By adding drain tile, the water table is effectively lowered, and plants can properly develop their roots. The lack of water saturation allows oxygen to exist in the soil around the roots. Drain tile prevents the roots from being under the water table during wet periods that could cause excessive plant stress. By removing excessive water, crops use water they have more effectively.

An increase in crop yield can be simply summarized by the following: Simply by forcing the plants to have more developed roots, the plants can more effectively absorb more nutrients and water.

The same principal is employed by containers that hold house plants: they have drain holes in the bottom to allow oxygen to the roots, and prevent soil saturation. By placing drain tile under a field in a grid style layout, the same effect can be employed on a several hundred acre field.

[edit] Plumbing of drain tile

In a tile drainage system, a sort of "plumbing" is installed below the surface of agricultural fields, effectively consisting of a network of below-ground pipes that allow subsurface water to move out from between soil particles and into the tile line. Water flowing through tile lines is often ultimately deposited into surface water points -- lakes, streams, and rivers -- located at a lower elevation than the source. Water enters the tile line either via the gaps between tile sections, in the case of older tile designs, or through small perforations in modern plastic tile.

Soil type greatly affects the efficacy of tile systems, and dictates the extent to which the area must be tiled in order to ensure sufficient drainage.

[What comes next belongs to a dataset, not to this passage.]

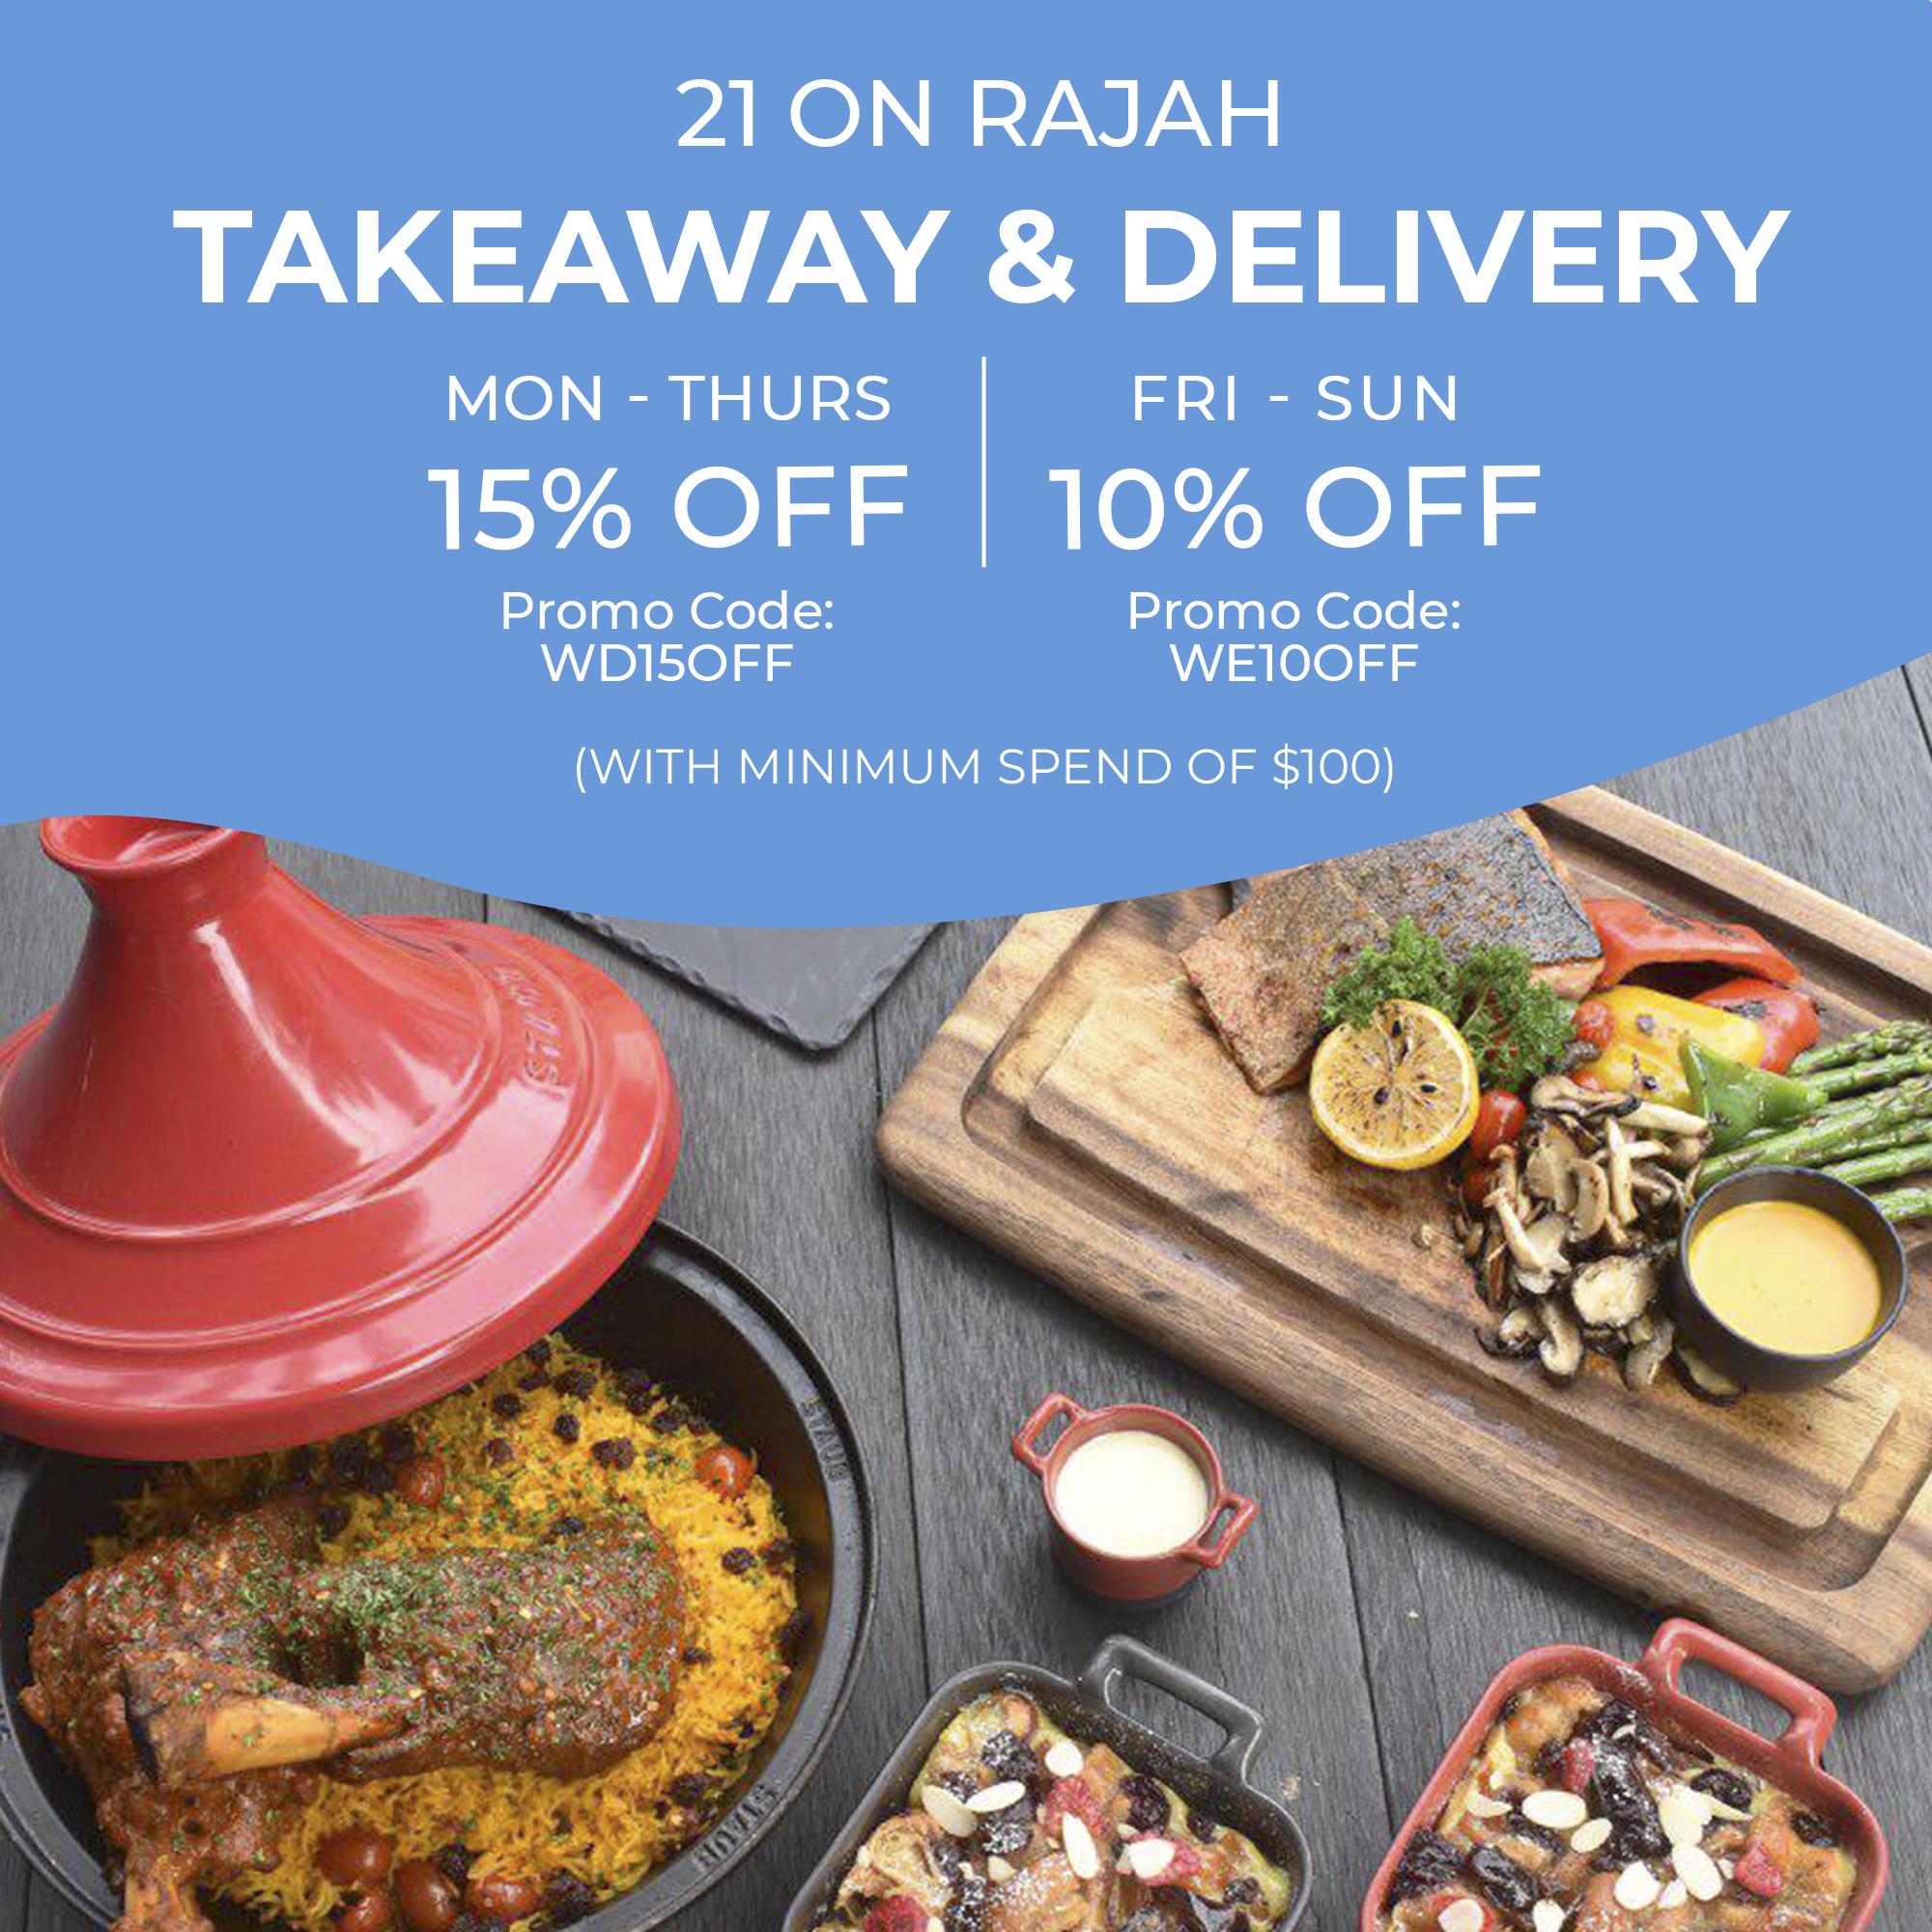 21 on Rajah: Islandwide delivery

Sandier soils will need little, if any, additional drainage, whereas soils with high clay contents will hold their water tighter, requiring tile lines to be placed closer together.

[edit] History of Tile Drainage

Both Cato and Pliny have described tile drainage systems, in 200 BC and the first century AD, respectively. According to the Johnson Farm website, tile drainage was first introduced to the United States in 1838, when John Johnson brought the practice from his native Scotland to his farm in Seneca County, New York. Johnson labored to lay 72 miles worth of clay tile on 320 acres. The effort paid off by increasing his wheat yield from 12 bushels per acre to 60 bu/acre. Johnson continued to advocate tile drainage throughout his life.

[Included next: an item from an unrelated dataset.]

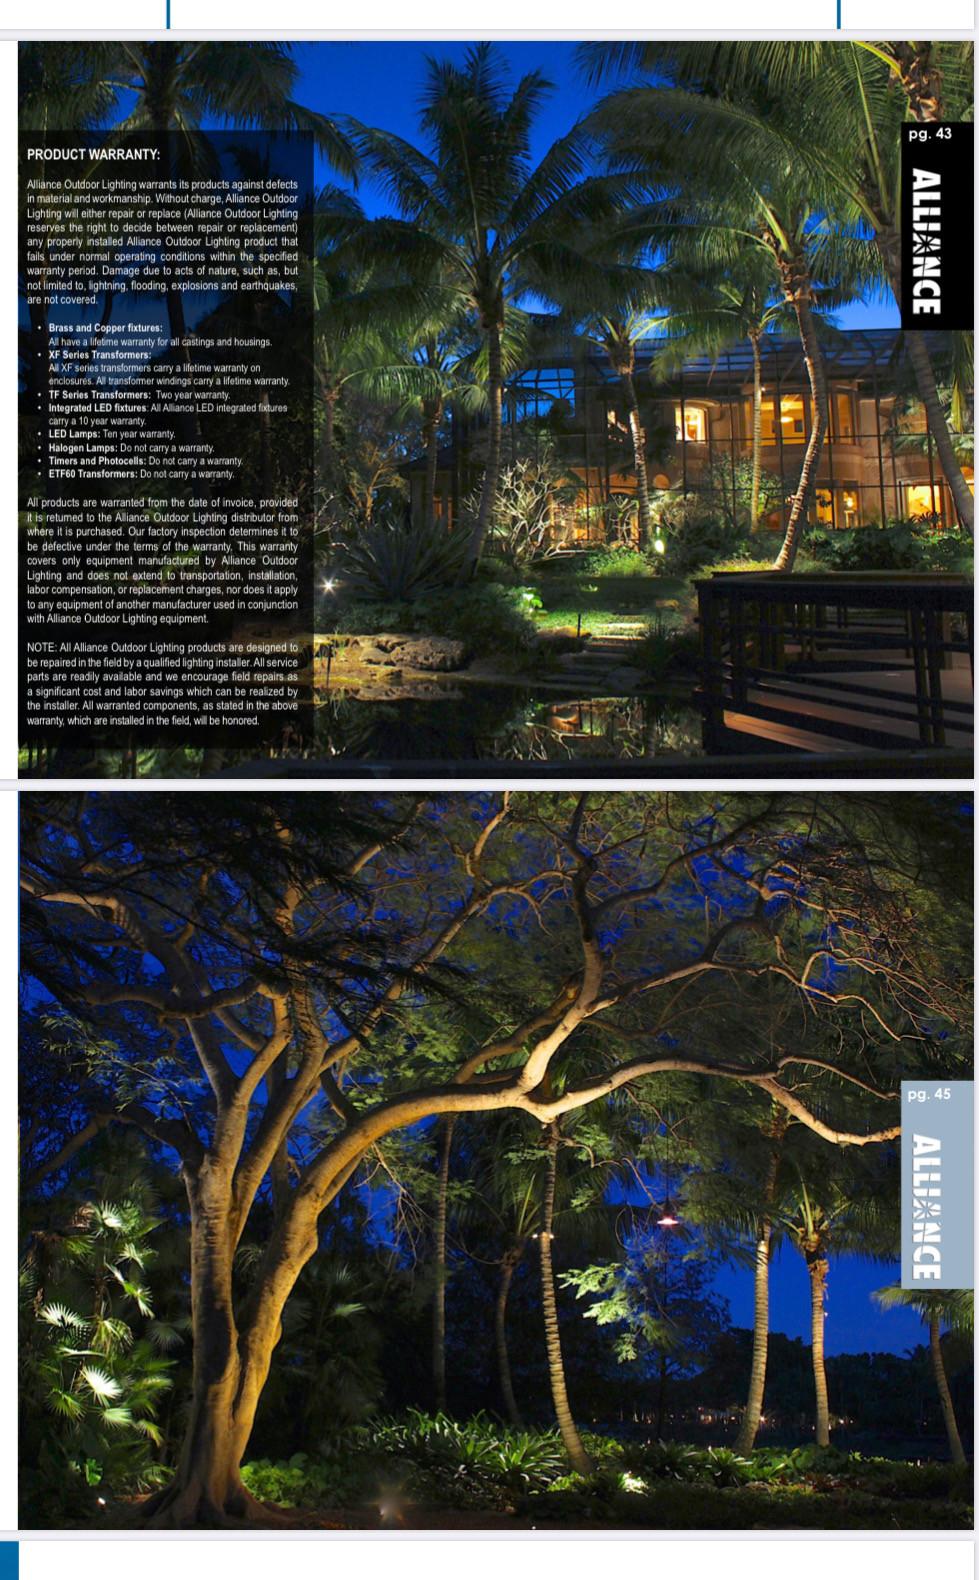 magazine press alliance outdoor lighting

The expansion of drainage networks was an important technical aspect of Westerward Expansion in the 19th century. Although land in the United States was parcelled out in accordance with the Public Land Survey System as established by the Land Ordinance of 1785, development, especially of agricultural land, was often limited by the rate at which it was made capable for cultivation. For example, although Iowa was made a state in 1846, maps depicting land ownership show below-average population densities in the northwestern region as late as the 1870s, a corner of the state which today is still noted for its high water table and numerous lakes, marshes, and wetlands.

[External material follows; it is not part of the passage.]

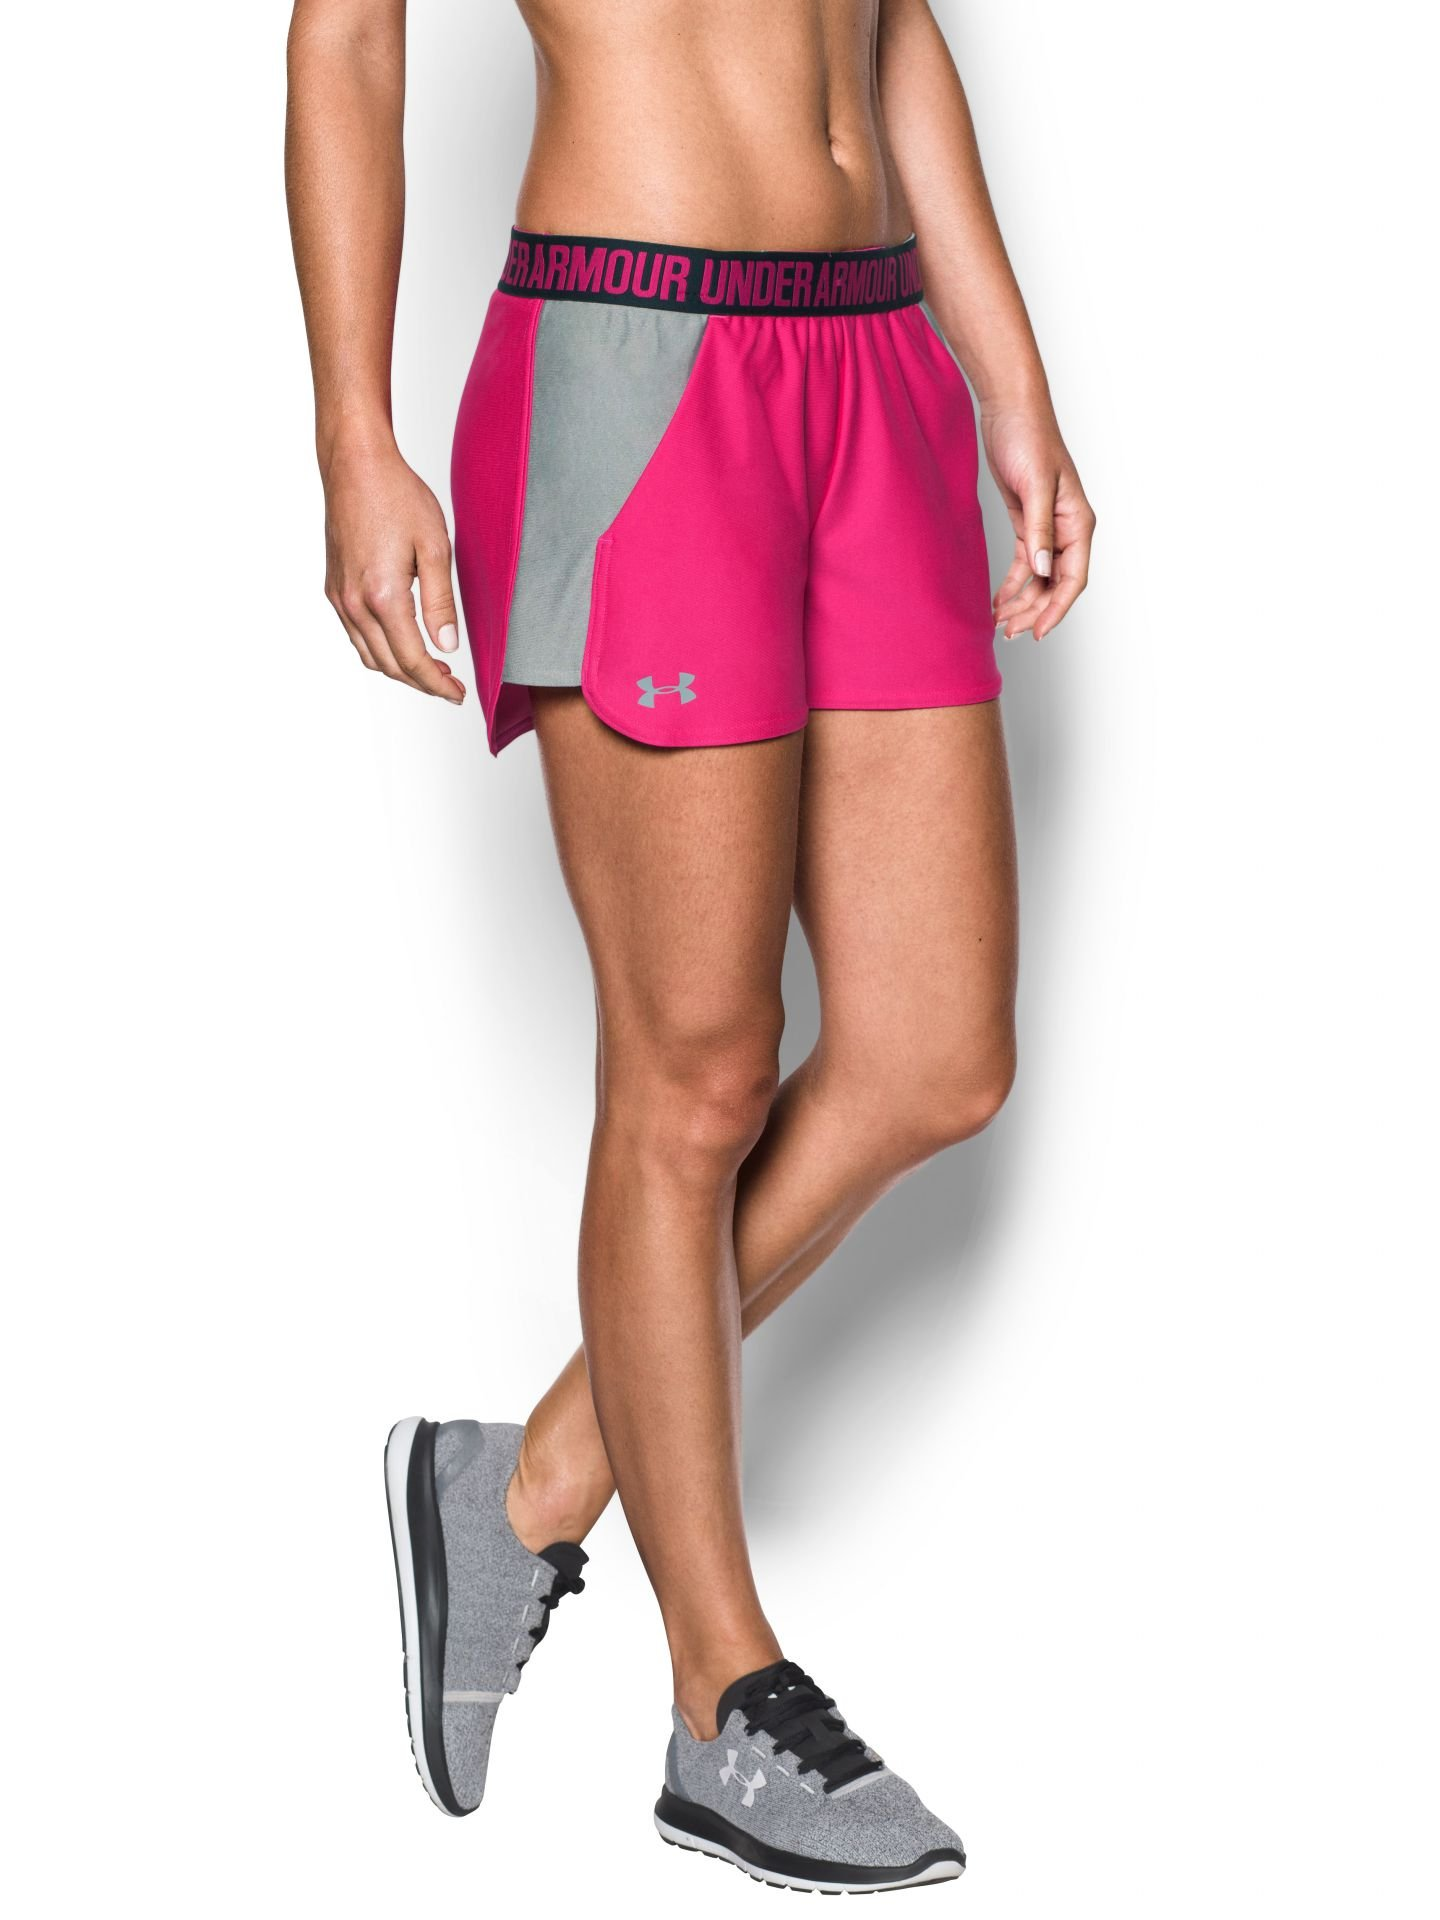 Under Armour Women's UA Play Up 2.0 Shorts, Tropic Pink/True Gray Heather, XXSmall

States throughout the region faced similar limits to agricultural intensification. Many states offered government incentives to improve land for farming. For example, legislation in Indiana prompted an Act of Congress in 1850 that provided for swamplands to be sold at a discount to farmers on the condition that they drain the land and bring it into agricultural productivity. To facilitate this process, most states set up government agencies to oversee and regulate the installation of tile drainage systems. Even today, ballots for elections in rural America often include candidates for local drainage supervisory boards.

The decades following the American Civil War saw rapid expansion of drainage systems. For example, historical literature from Ohio notes that in the year of 1882, the number of acres drained was about equal to the area of land drained in all previous years. In the 1930s, the Civilian Conservation Corps contributed to the tile network throughout the Midwest, much of which is still in use.

[edit] Advances in Drainage Technology

Throughout the twentieth century, the technology of tile installation remained similar to the methods first used in 1838. Although cement sections later replaced the original clay tiles, and machines were used to dig the trenches for the tile lines, the process remained quite labor-intensive and limited to specialized contractors.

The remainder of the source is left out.